Saturday, May 17, 2008

My Edmonton

Since moving to my new neighbourhood, I've been taking pictures of things that have struck my fancy or caught my attention. This week I missed a shot, though. Walking to work I saw what I thought was a discarded child's toy in a parking lot. When I got closer though, I saw that someone had placed (or driven) a remote control truck dead centre into a parking spot at the end of a long line of parked vehicles. I laughed for half a block. It was so completely something I would do with the hope that someone would notice, but all the while figuring that I'd be alone in my amusement. It felt good to know someone else out there is on my same wavelength. Sadly, today when I finally remembered to take my camera to work, it was already moved.

So here are some shots I didn't forget to get:

My first morning in my new apartment, I woke up at 6 a.m. It was a cool, clear morning, and I went for a little walk to see my new neighbourhood in the early light. The way the first bright rays of the sun illuminated the colourful downtown buildings cast them in this ethereal light that seemed more magical when put in the background of this dingy bridge and melting trail down to the river valley:

Then there is a house on the corner of a block that has a huge lot that its owners just do not take care of. In the corner of the lot is what I think is a crab-apple tree with this lonely little swing, perhaps the joy of some child long ago but now just swaying amongst the overgrown grasses and random litter caught in the blades. (I also had to get a pic of it when it had snow on it -- more poignant that way!)

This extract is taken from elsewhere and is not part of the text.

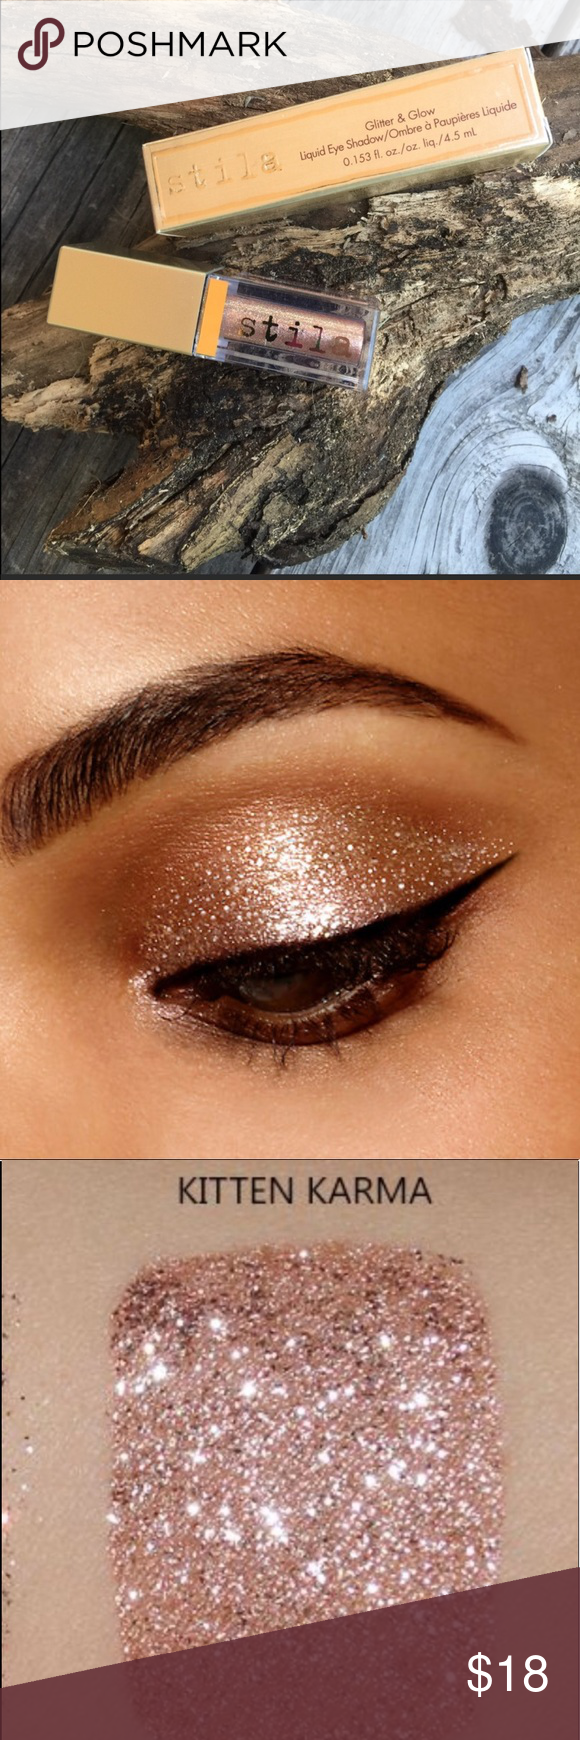 Stila Glitter Glow Liquid Eyeshadow Liquid Eyeshadow Stila Glitter And Glow Stila Glitter
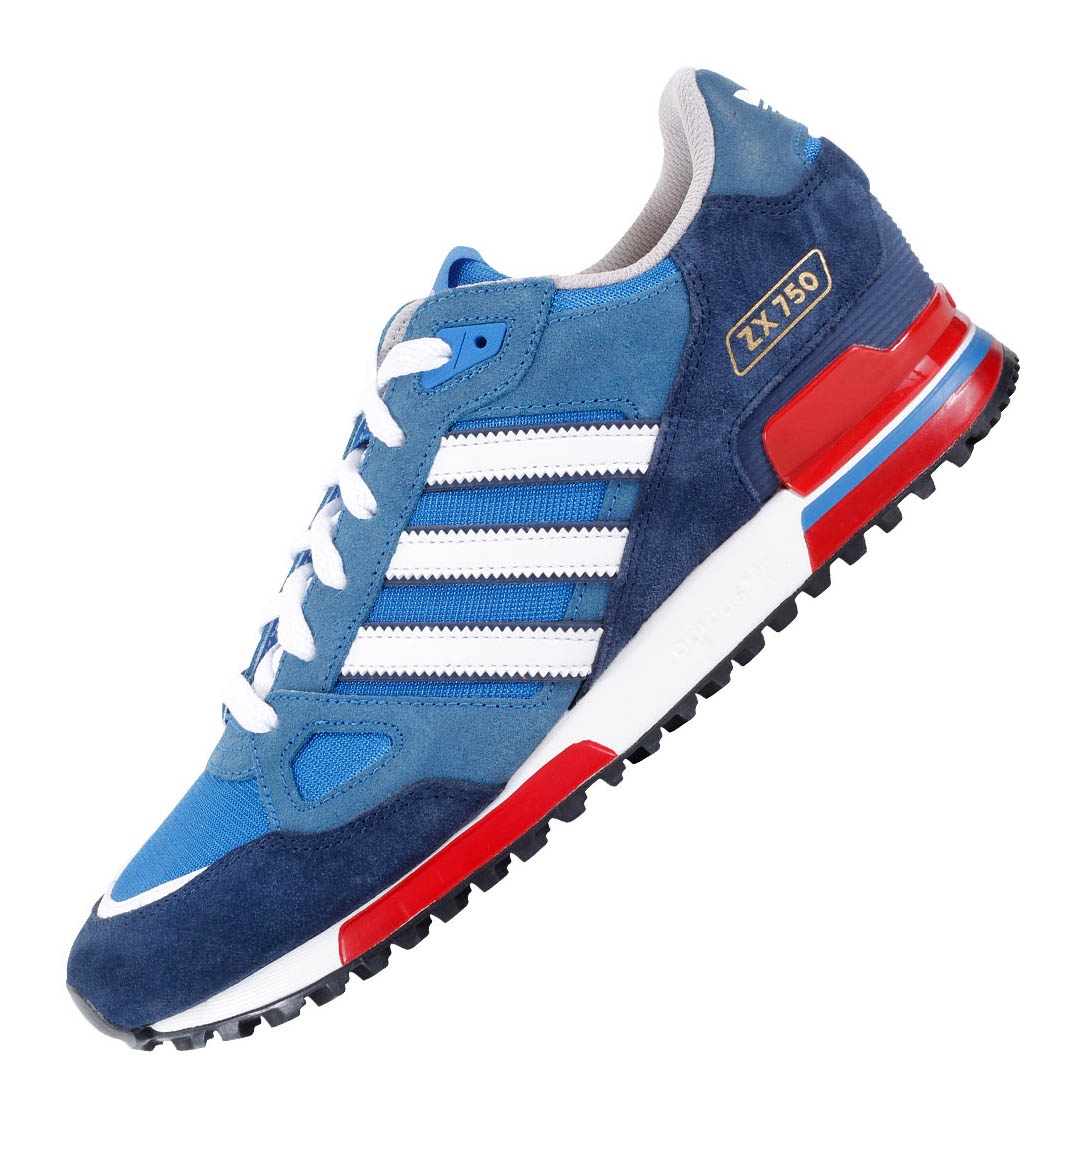 adidas zx750 blue

Speaking of snow, when I turned to leave this lot I saw this neato VW that was literally shimmering. It was a dark shade of purple, but the wet snow gave it a kaleidoscope effect that I was happy to see was captured to some degree by my camera:

Within days this week, this tree outside my office burst with green buds and new leaves. But what I wanted to show you is the tree behind it. It's difficult to see, but I think the poor thing is literally dead to the world. While the fore tree has exploded with new life, the background tree's white scraggly branches have remained stark and brittle.

Worse still, however, is that its energy-challenged state is mocked by the plastic grocery bags that have wound themselves around its twigs as a testament to its lifeless state, blowing in the gale winds we've had here lately as if calling attention to the tree's pathetic state to all who pass.

Finally ... I want this house:

Too bad I'm likely moving from the city. And I have no money to buy a house.